I would really appreciate any help anyone could be in helping me get started at beginning a restoration project on a Dayton Huffman Chieftain bike I just got in an auction in the northern panhandle of West Virginia. I have not owned a bike since I was in elementary school. I cannot even tell you why I have sort of fallen in love with this old bike. It was just sort of calling to me. I have restored wood furniture before but I do not know anything about cleaning and restoration of metal bike parts. First I would like to know if any of you could point me in the direction or provide some pictures of one of these bikes. Also any information on the bike itself. Secondly any books for a beginner on bike restoration on your own tips. This bike is still solid but has sat in a old farm building for close to 50 years, so needless to say it is grungy and needs cleaned and then I will decide on what to do as far as paint and parts. Once again I will truly appreciate any help on getting me started. Thank you!


----------



## npence (May 13, 2013)

*Needing help and info on restoring a Dayton Huffington Chieftain!!*

Pictures would really help


----------



## Larmo63 (May 13, 2013)

It's a Dayton "Huffman" bicycle.......

Post some pictures and we can help a lot more.......


----------



## redfred507 (May 14, 2013)

*Sorry here is a couple pictures...*

I can provide more if needed.
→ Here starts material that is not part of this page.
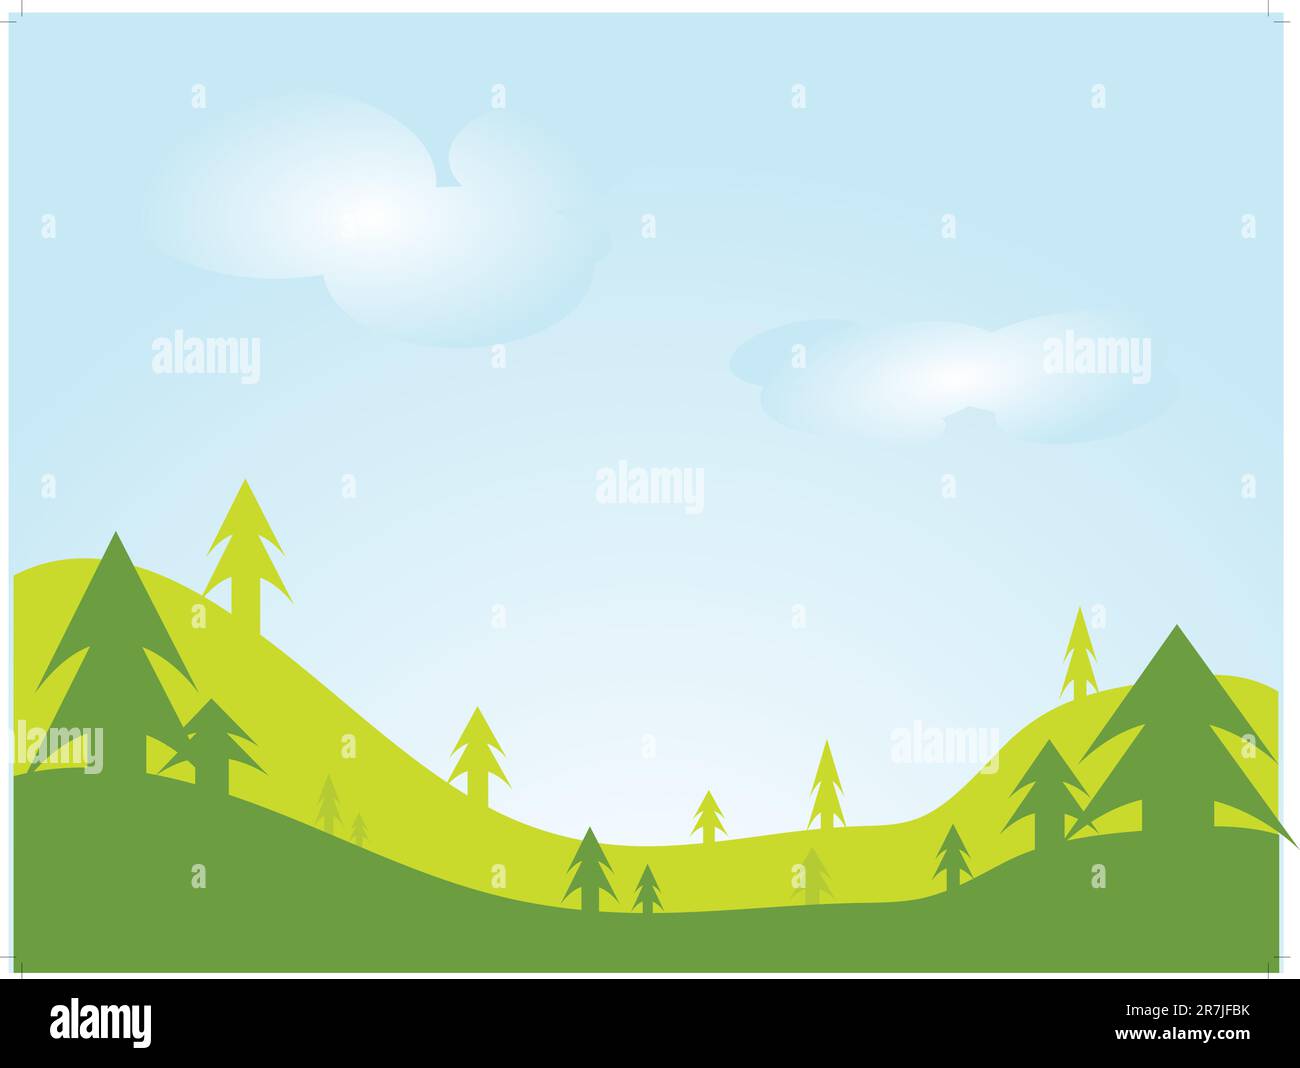 Illustrazione vettoriale di scene naturali colorate con nuvole bianche su paesaggi verdi e cielo blu. Illustrazione Vettoriale

Thanks.


----------



## redfred507 (May 14, 2013)

*Dayton Chieftain*



 Chieftain emblem.


----------



## bike (May 14, 2013)

*This was a lower line INDIAN bicycle!*

there are catalogs floating around out there I cant seem to find a copy right now


----------



## redfred507 (May 14, 2013)

*Found picture of 1937 Indian*



 Paint style is very similar on this bike as mine. But there are frame differences and it does look like there had been a center tank shield on the frame but is now missing along with the seat.


----------



## Freqman1 (May 14, 2013)

Need to post a pic of your bike. Minor frame differences probably mean different manufacturers. V/r Shawn


----------



## redfred507 (May 14, 2013)

*Another picture...*

Another picture of frame and I can see the chain ring is different than the 1937 Indian picture I found.


----------



## jpromo (May 14, 2013)

Sweet bike. Definitely Huffman built. I'd try bringing the paint on that back before thinking restore. It can probably be revived respectably well and there only cost involved there is in cleaning products. I have this chainring with much nicer chrome if you go the refurbish route.


----------